§ WHAT NEEDS TO BE DONE
The output should hold exactly, and only, the lines from the line bearing "Egyptian fayence necklace with seven amulets" through the last line of the listing below, and no pictures.

§ DATA SHOWN

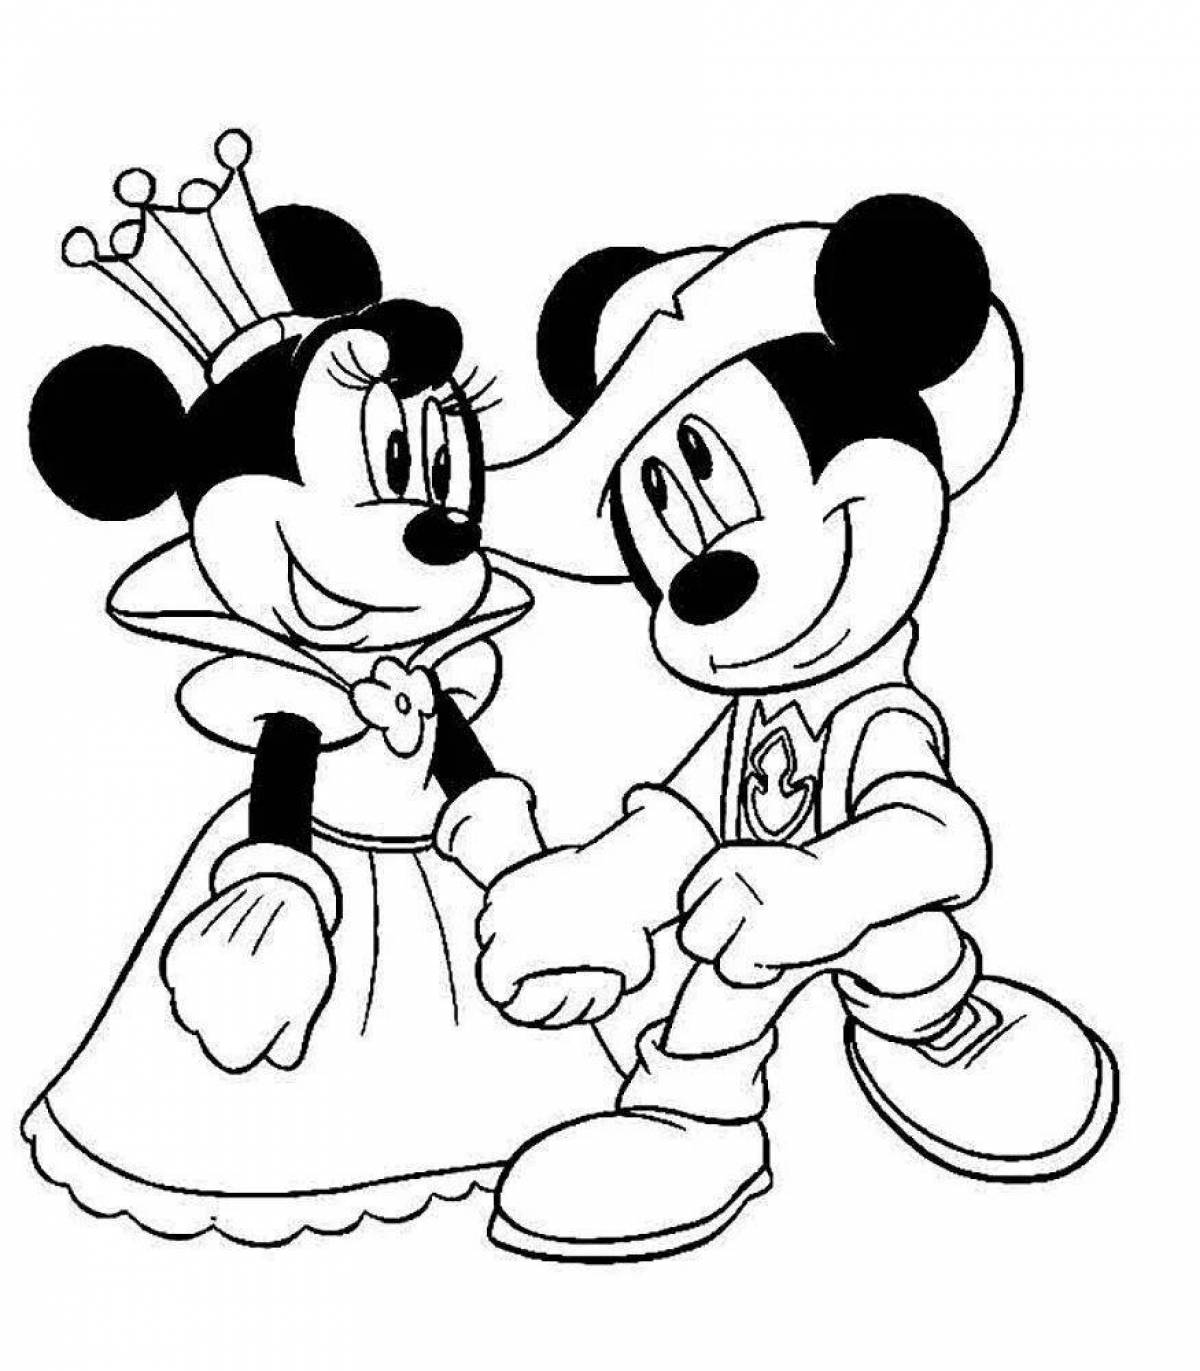 Mickey Mouse and Minnie Mouse #12
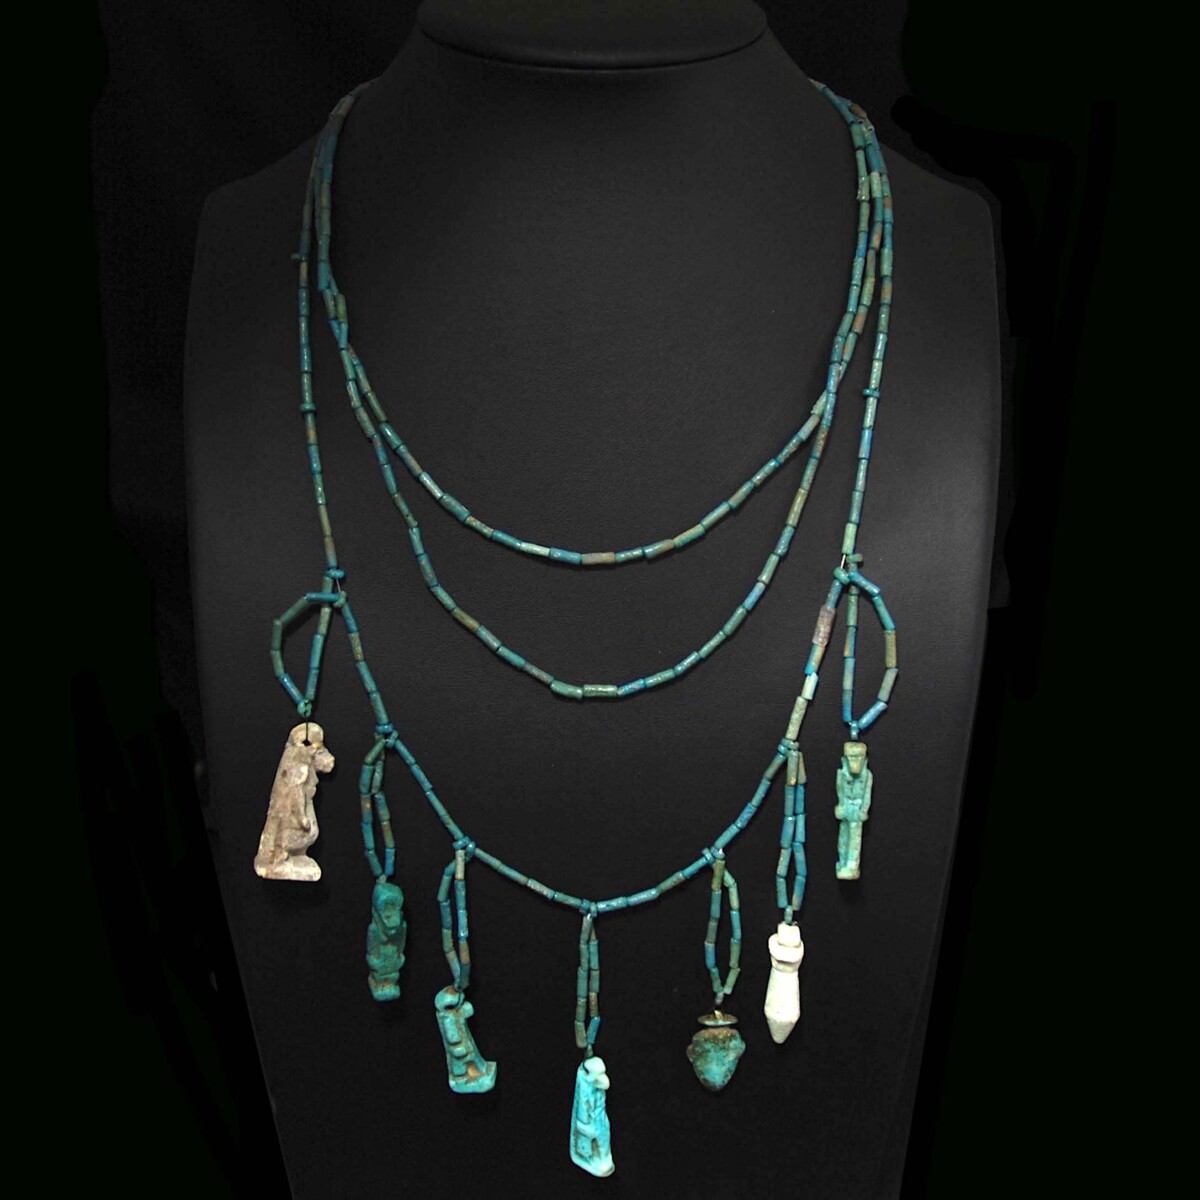 Egyptian fayence necklace with seven amulets
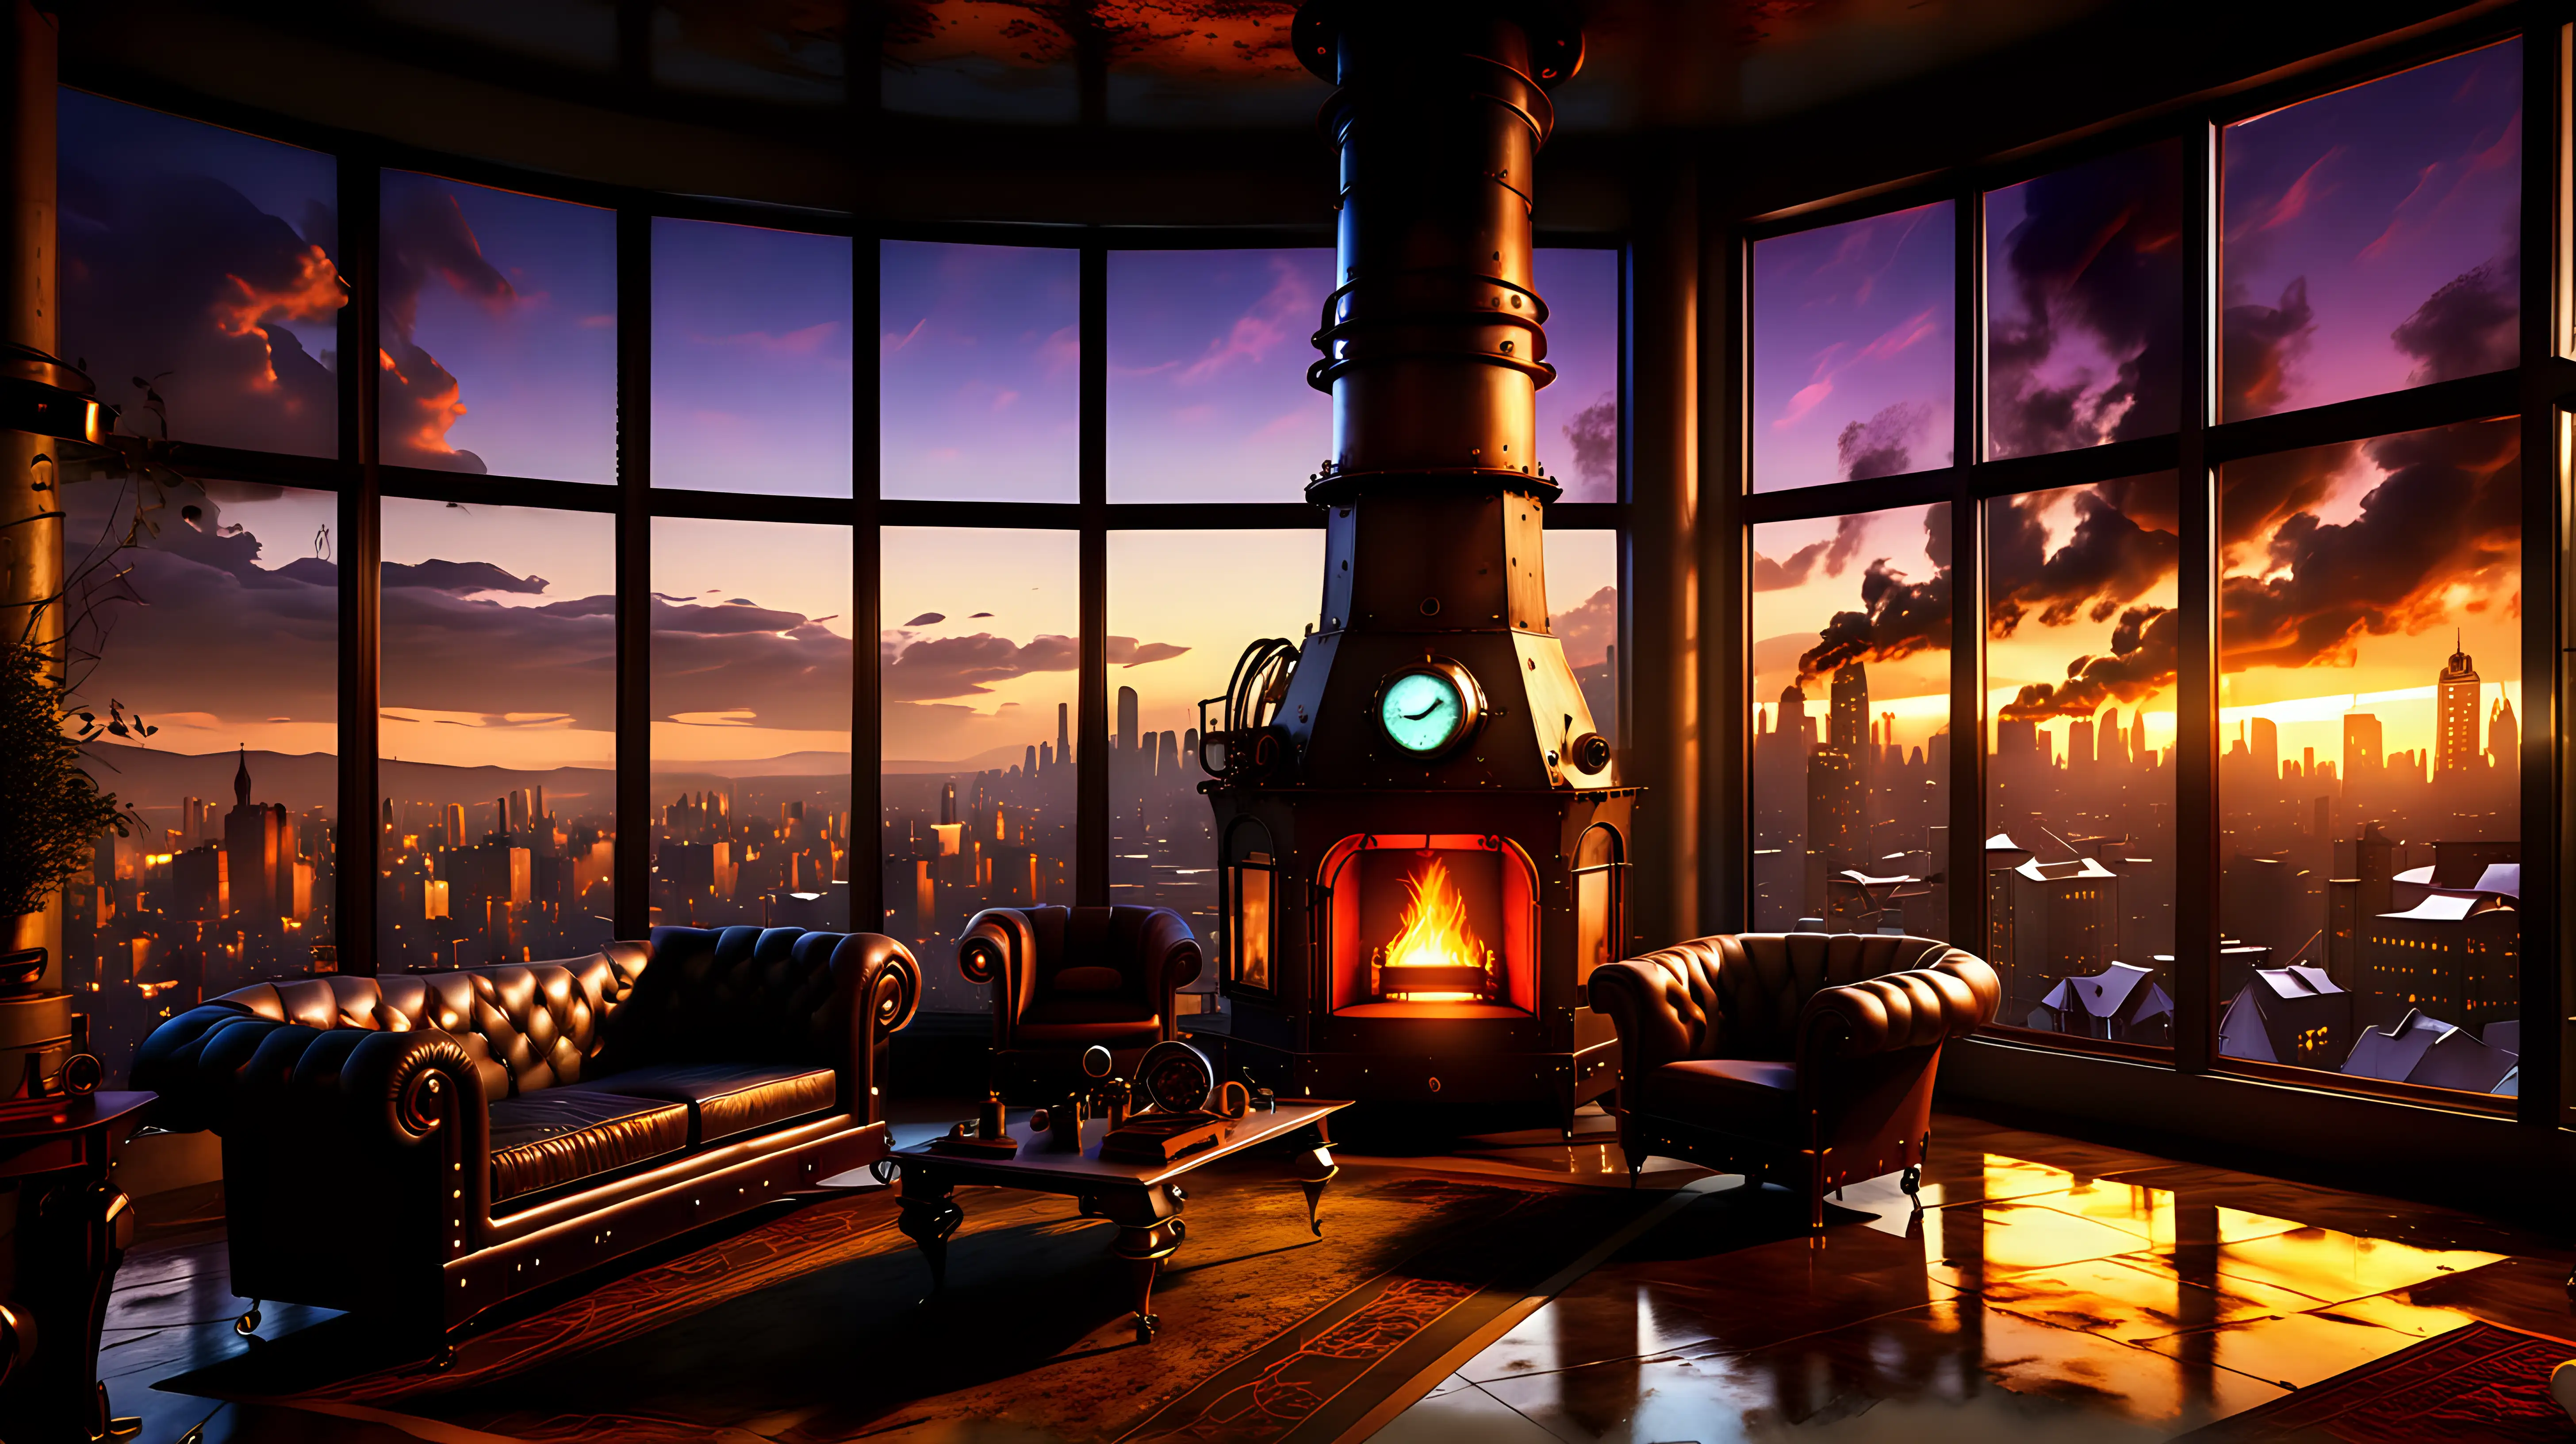 An upscale Steampunk living room at twilight with one fireplace and large window looking out on a vast city. Dramatic lighting, photographic quality.

§ RESULT
 Egyptian fayence necklace with seven amulets
 An upscale Steampunk living room at twilight with one fireplace and large window looking out on a vast city. Dramatic lighting, photographic quality.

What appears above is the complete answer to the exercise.